Somut olayda, alacaklı vekili tarafından borçlu hakkında itirazın iptali davası açılmış, Malatya 3. Asliye Hukuk Mahkemesi’nce 12.09.2013 tarih ve 2012/107 E,- 2013/474 K. sayılı hükümle itirazın iptaline karar verilmiştir. Ancak, itirazın iptaline yönelik bu kararın Yargıtay 13. Hukuk Dairesi tarafından 24.12.2014 tarih ve 2014/31560 Esas, 2014/41413 Karar sayılı ilamla bozulduğu görülmüştür.
Alacaklının itirazın iptaline karar verilmesinden sonra anılan ilamı dosyaya sunarak takibe devam ve haciz işlemleri yapması mümkün ise de, itirazın iptaline dair ilam bozulmakla ortadan kalktığından, bozulmakla hükmünü yitiren itirazın iptali kararına dayanılarak, bozma kararından sonra takibin devamına olanak yoktur. İtirazın iptali kararı bozulmakla İİK’nun 40. maddesi uyarınca takip olduğu yerde duracağından ve takibin durması gereken bu dönemde takip işlemi yapılamayacağından, mahkemece itirazın iptali yolunda yeni bir hüküm verilinceye kadar haciz yapılamaz. Aksinin kabulü İİK’nun 66. maddesine aykırı bir durum yaratır.
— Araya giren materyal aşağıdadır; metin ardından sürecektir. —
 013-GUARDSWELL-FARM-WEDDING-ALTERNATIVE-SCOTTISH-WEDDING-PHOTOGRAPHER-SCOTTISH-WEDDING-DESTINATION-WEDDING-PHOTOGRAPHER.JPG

O halde, mahkemece, borçlunun şikayeti kabul edilerek itirazın iptali kararının 24.12.2014 tarihinde bozulmasından sonra, alacaklının talebi üzerine borçlunun menkullerine 10.12.2015 tarihinde konulan haczin kaldırılmasına karar verilmesi gerekirken, açıklanan bu hususlar göz ardı edilerek şikayetin reddine yönelik hüküm tesisi isabetsizdir.
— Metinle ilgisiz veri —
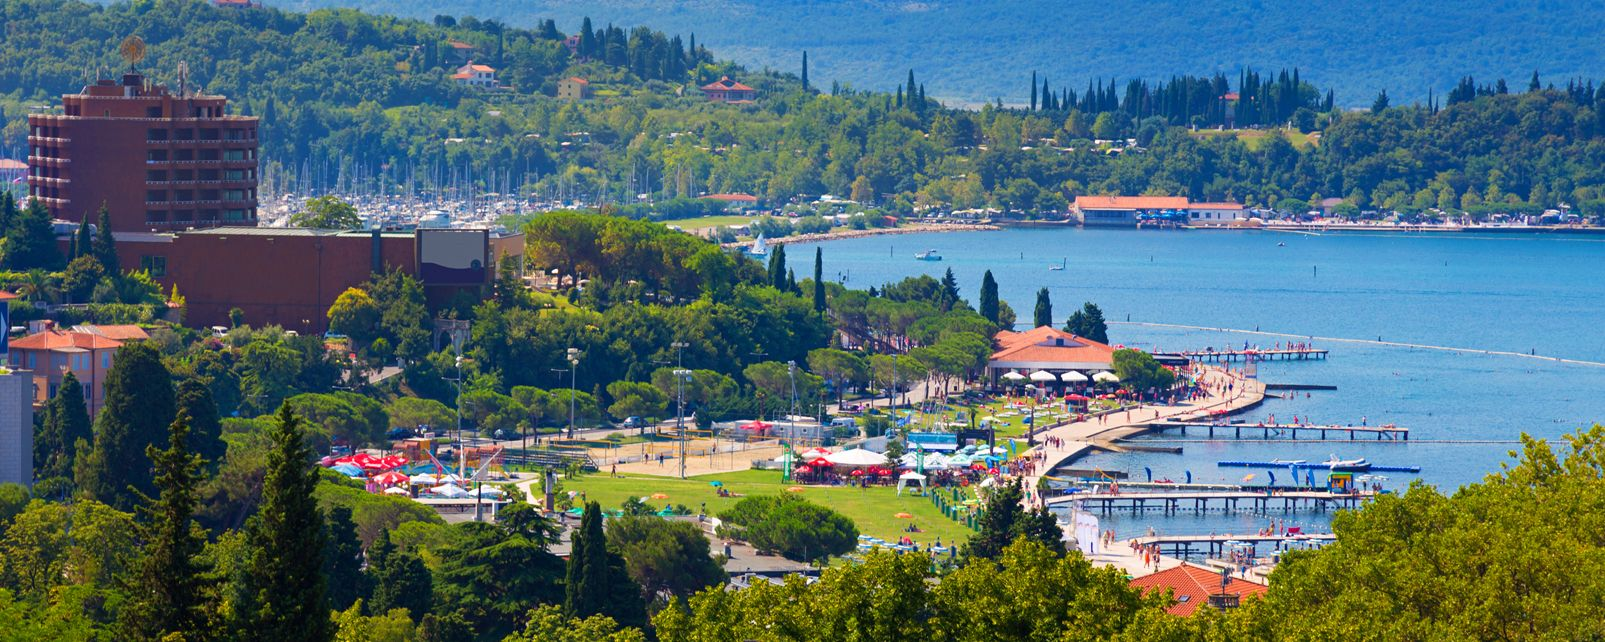 Portoroz , Vue panoramique sur Portoro?, Slovénie , Slovénie

SONUÇ : Borçlunun temyiz itirazlarının kabulü ile mahkeme kararının yukarıda yazılı nedenlerle İİK’nun 366 ve HUMK’nun 428. maddeleri uyarınca (BOZULMASINA), peşin alınan harcın istek halinde iadesine, ilamın tebliğinden itibaren 10 gün içinde karar düzeltme yolu açık olmak üzere, 16/03/2017 gününde oybirliğiyle karar verildi.